**Problem requirements**. Output the whole listing exactly, except for the pictures in it.

**Supplied data**.
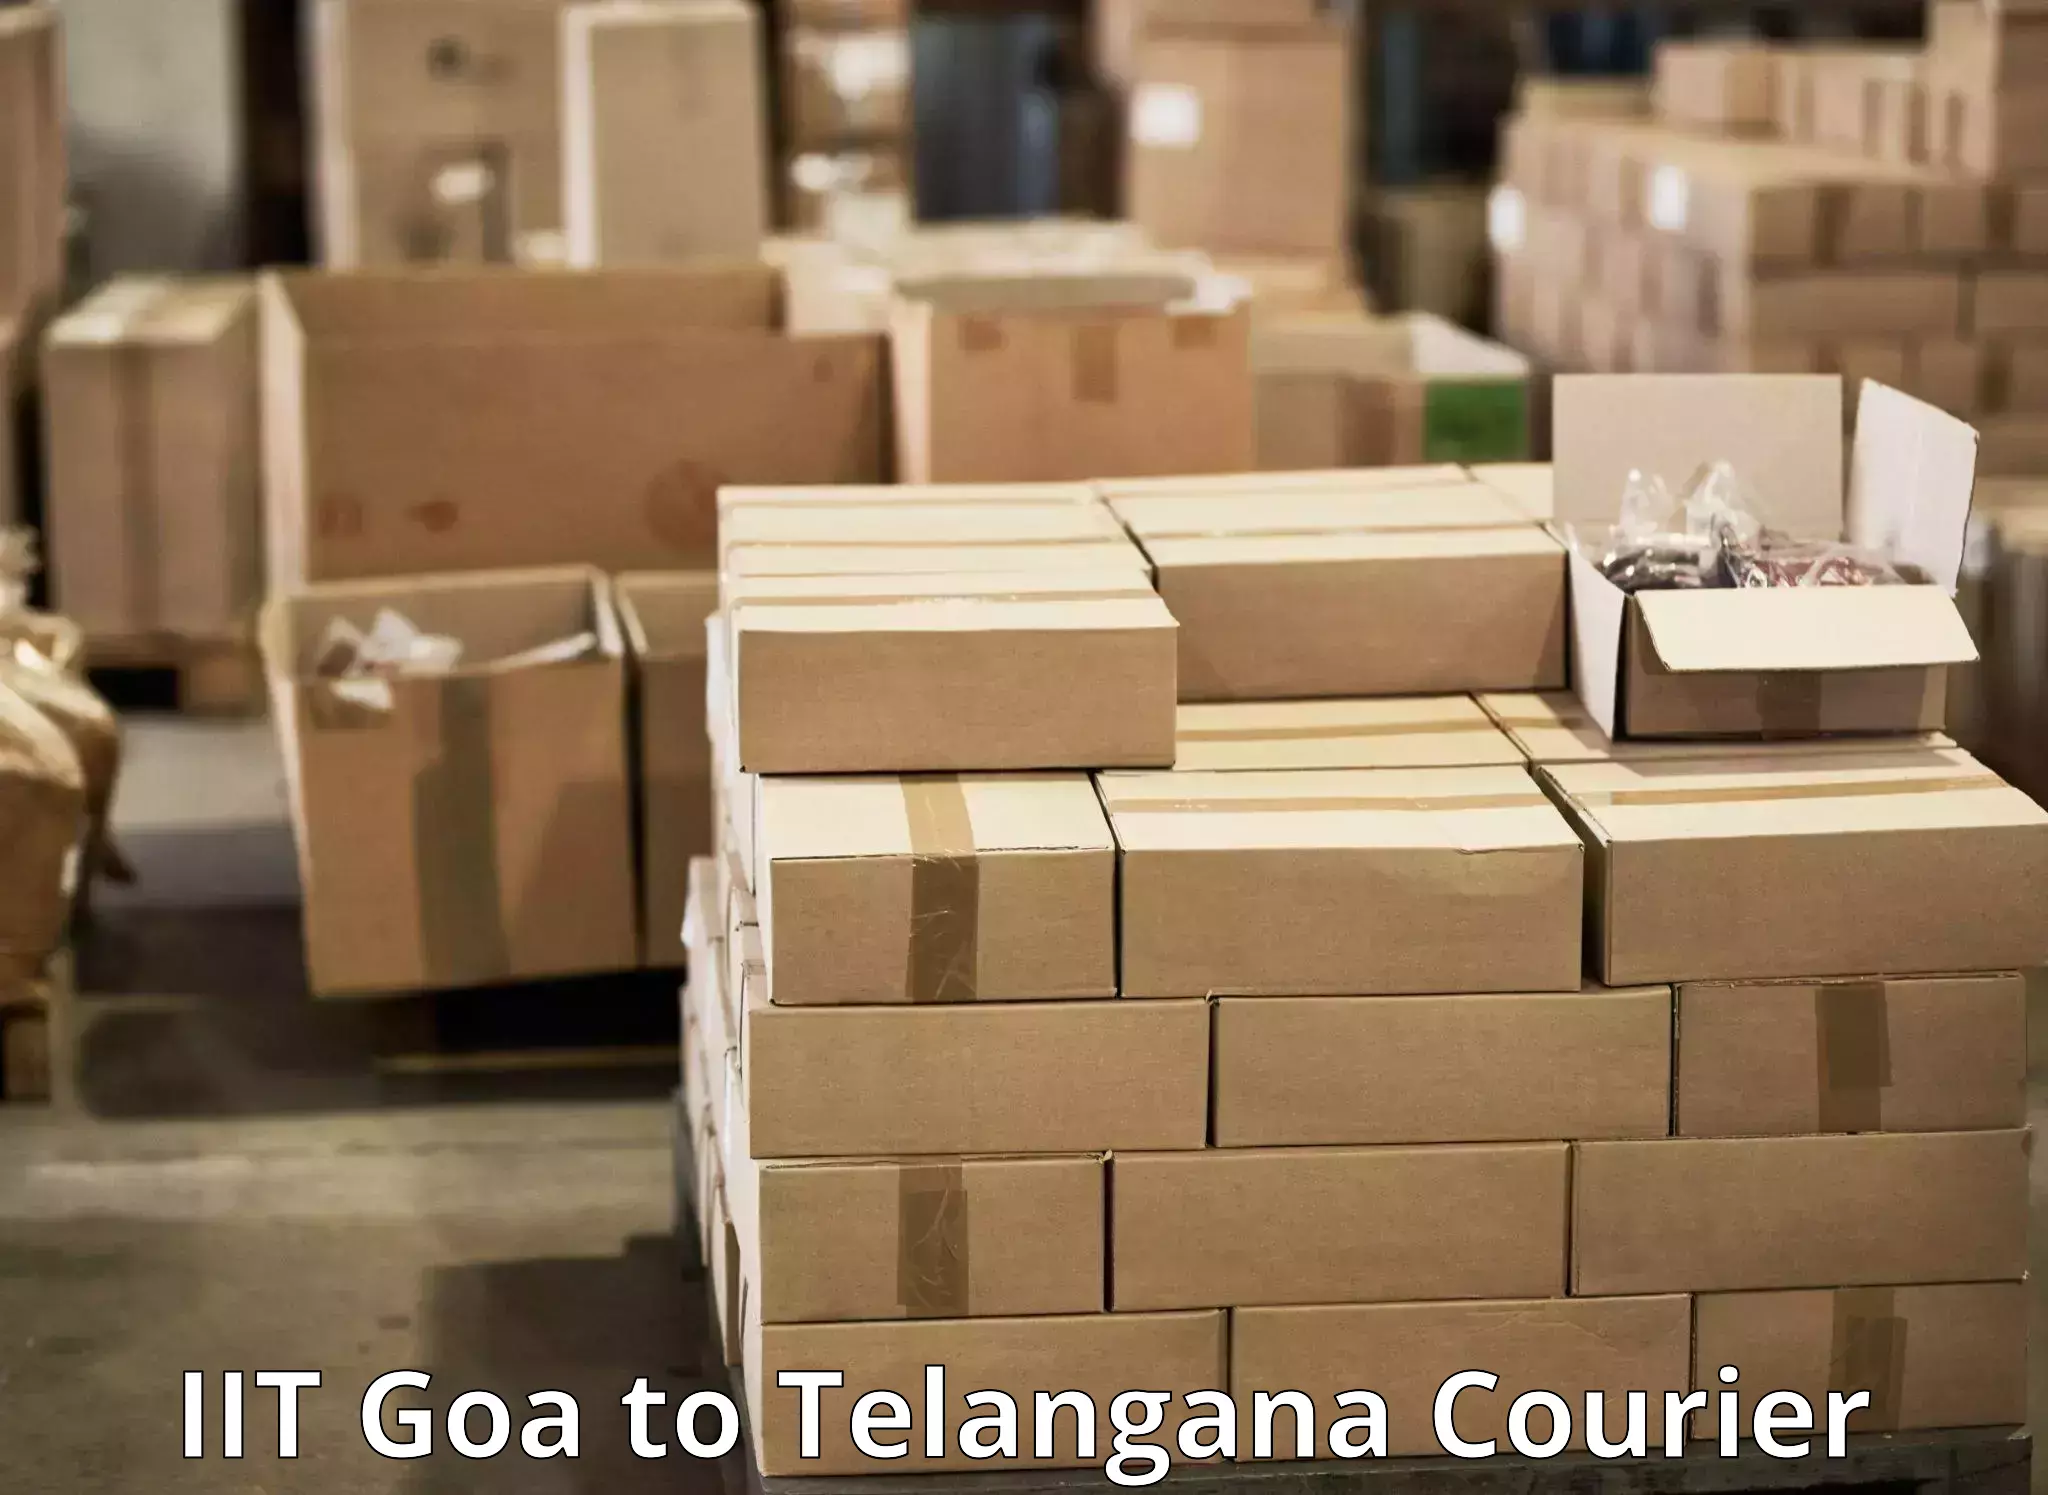 Versatile courier options IIT Goa to Bejjanki
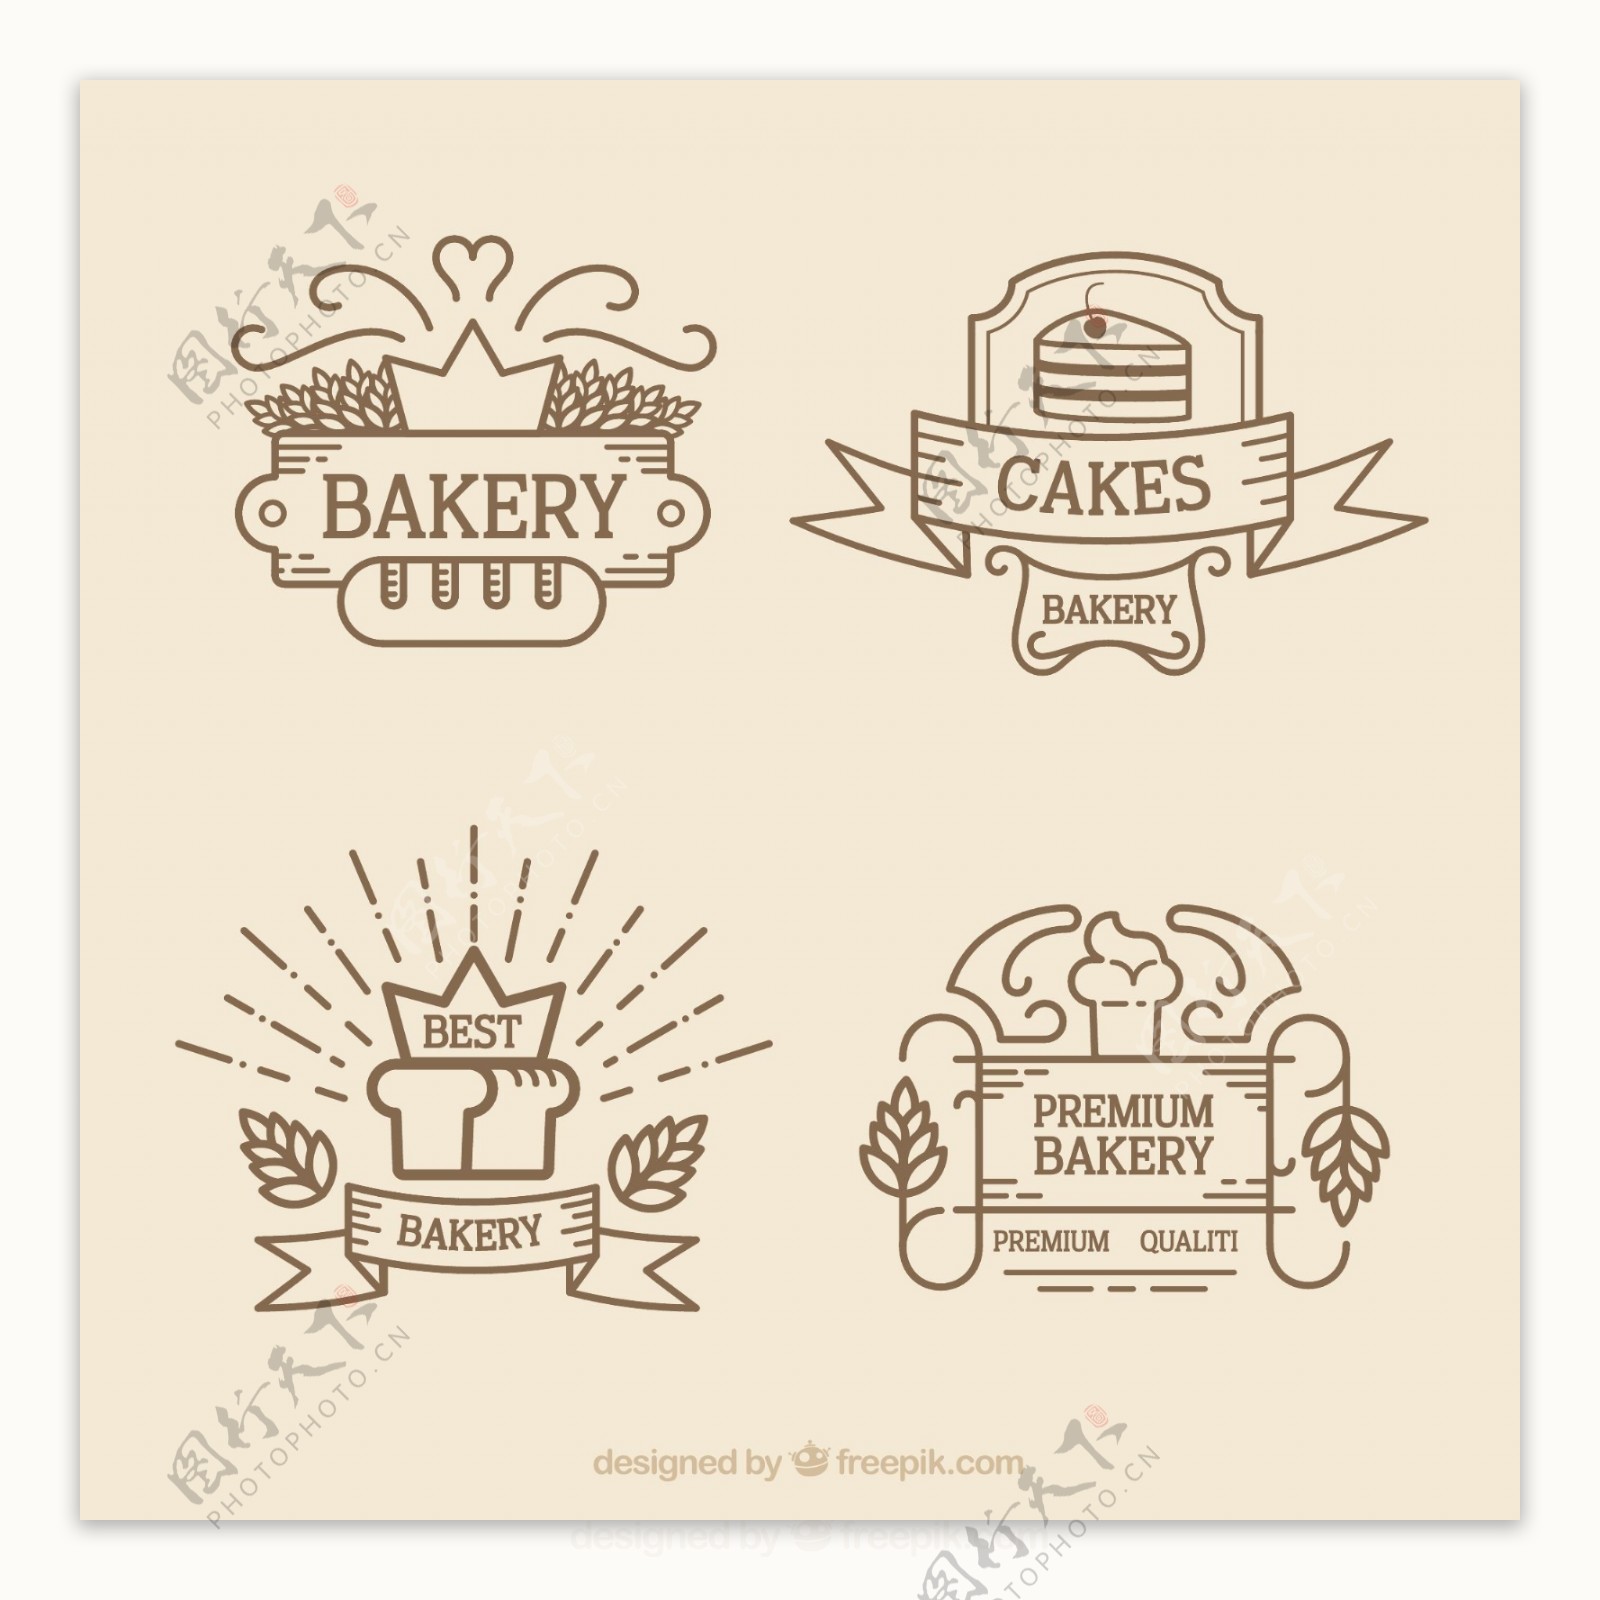 概述了面包店的标志
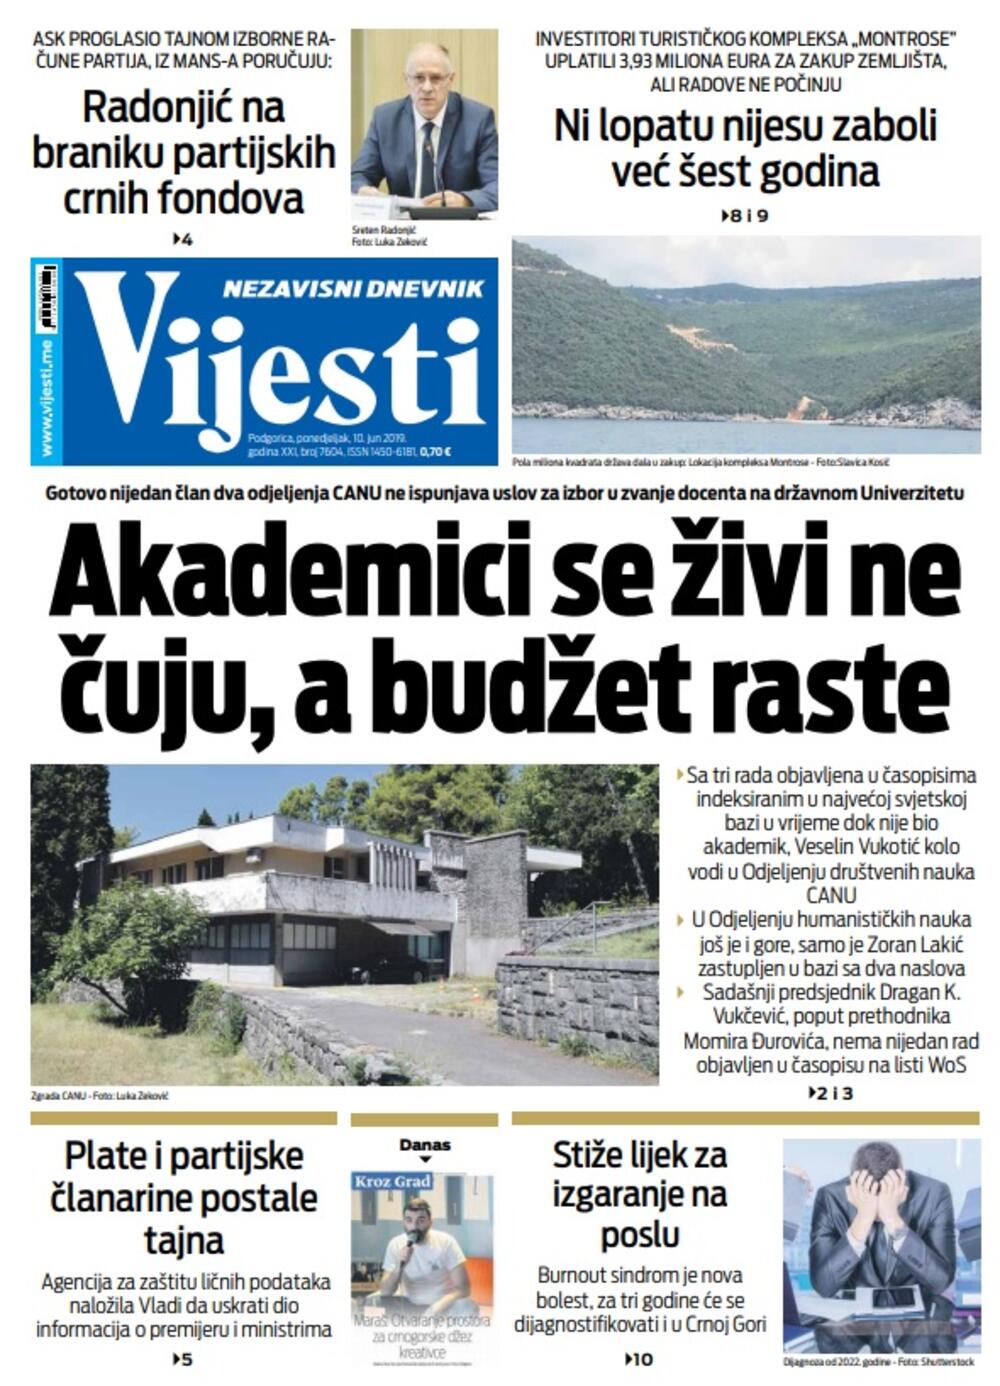 Naslovna strana "Vijesti" za 10.6., Foto: Vijesti

**Exercise response**.
 Versatile courier options IIT Goa to Bejjanki
 概述了面包店的标志
 Naslovna strana "Vijesti" za 10.6., Foto: Vijesti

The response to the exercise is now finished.